“レトロフューチャー”セットに注目の「時をかけるな、恋人たち」美術デザイナーインタビュー公開
吉岡里帆と永山瑛太が出演する現在放送中のドラマ「時をかけるな、恋人たち」で美術デザインを担当する後藤レイコのインタビューが公開された。
本作は、広告代理店のアートディレクターとして、“つじつま合わせ”を得意とする一方で、自身の恋愛になると一線を越えられない現代人・常盤廻と、未来からやってきたタイムパトロール隊員・井浦翔によるSFラブコメディ。
美術デザイナーという職について後藤さんは「カメラに映り込む背景を統括して準備する仕事ですね。セットを組むのであれば私がデザインして、図面を書くスタッフに渡す。それをもとに大道具さんにセットを組んでもらい、デコレーター(装飾部)と部屋のインテリアについて打ち合わせをします」と説明し、「未来のガジェット等の小道具のデザインや造形も美術の仕事になります」と語る。
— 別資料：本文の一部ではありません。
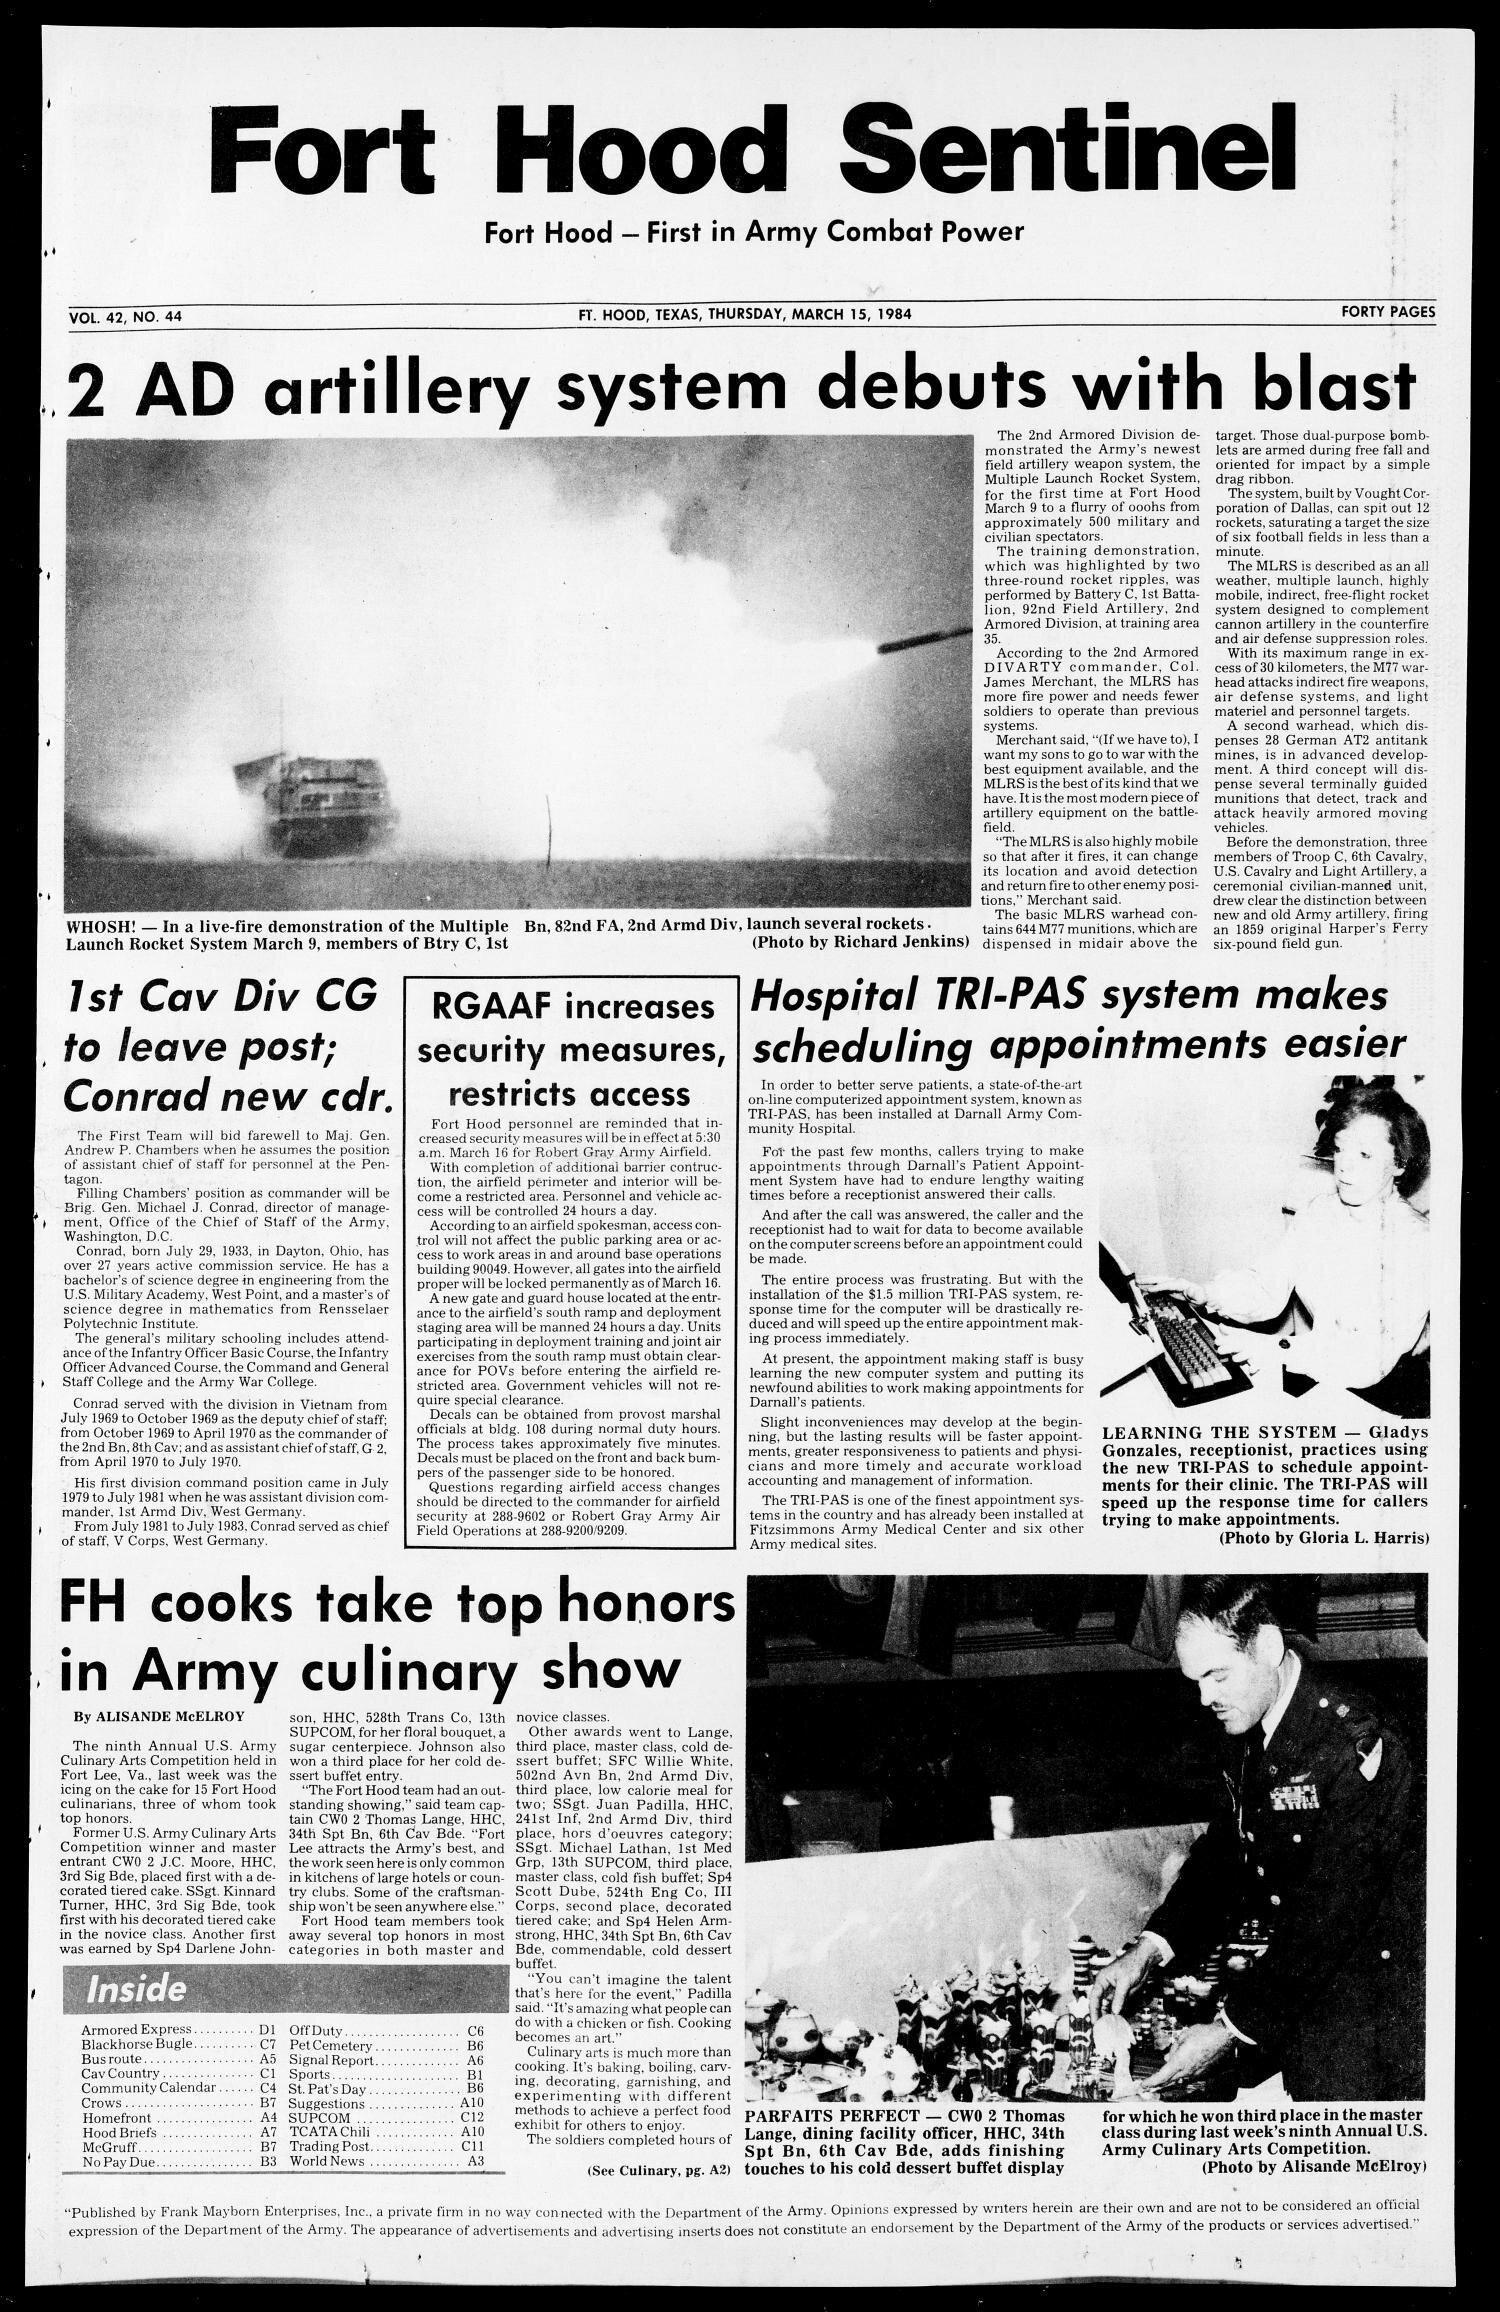 FT. HOOD SENTINEL_15 MAR 1984.jpg

本作の脚本を手掛ける上田誠(ヨーロッパ企画)は、初めて撮影現場を訪れた際、後藤さんの手掛けたセットを見て大絶賛。そんな今作については、「レトロフューチャーな基地をセットでつくりたい」というオーダーがあったそうで、「アウトプットとして3Dデザインをすることもありますし、イラストや平面図を描くこともありますね。今回はパトロール基地の簡単な模型をつくって、監督をはじめとするスタッフに共有させてもらいました」と過程を明かした。
また“レトロフューチャー”について、『サンダーバード』を連想したそうで、「SFラブコメですから、高尚で重厚なセットというよりキッチュな感じを出したかった。ただセットまでコミカルにしてしまうと……やり過ぎかな、と。大人がつくる大人のラブコメですし、切ない展開もあることから、すべての色にグレーが混ざっているようなくすんだカラーリングの空間を提案しました」。
セットには、タイプライターといったレトロな小道具が見られるが、これについて「アナログ感の演出といいますか、手垢をつけたかったんですよね。監督も同じ意見でした」と言い、「監督は『時をかけるな、恋人たち』で描かれる未来の設定を『無線が人体に悪影響を及ぼしている』としたんです。だからすべてアナログな有線に回帰しているんですよね」とコメント。
さらに、「セットの中で目立つ2本の太い柱は、パトロール基地のハードディスクという設定にしました。そこからケーブルがたくさん垂れていて、ひとつは『フォゲッター』という意識や記憶を失くす機械に流れている。
もう1本の柱から出ているケーブルは、時空を行き来するための『時空境界線』につながっています。ボタンも押したらへこむ、触って楽しむアナログさがあると楽しいかな、と思ってタイプライターを配置して。ちなみタイプライターのアイデアは演出部の資料がキッカケでした。セットも小道具も私一人では作りきれてないものばかりです」と詳細に語っている。
「時をかけるな、恋人たち」は毎週火曜日23時~カンテレ・フジテレビ系にて放送中。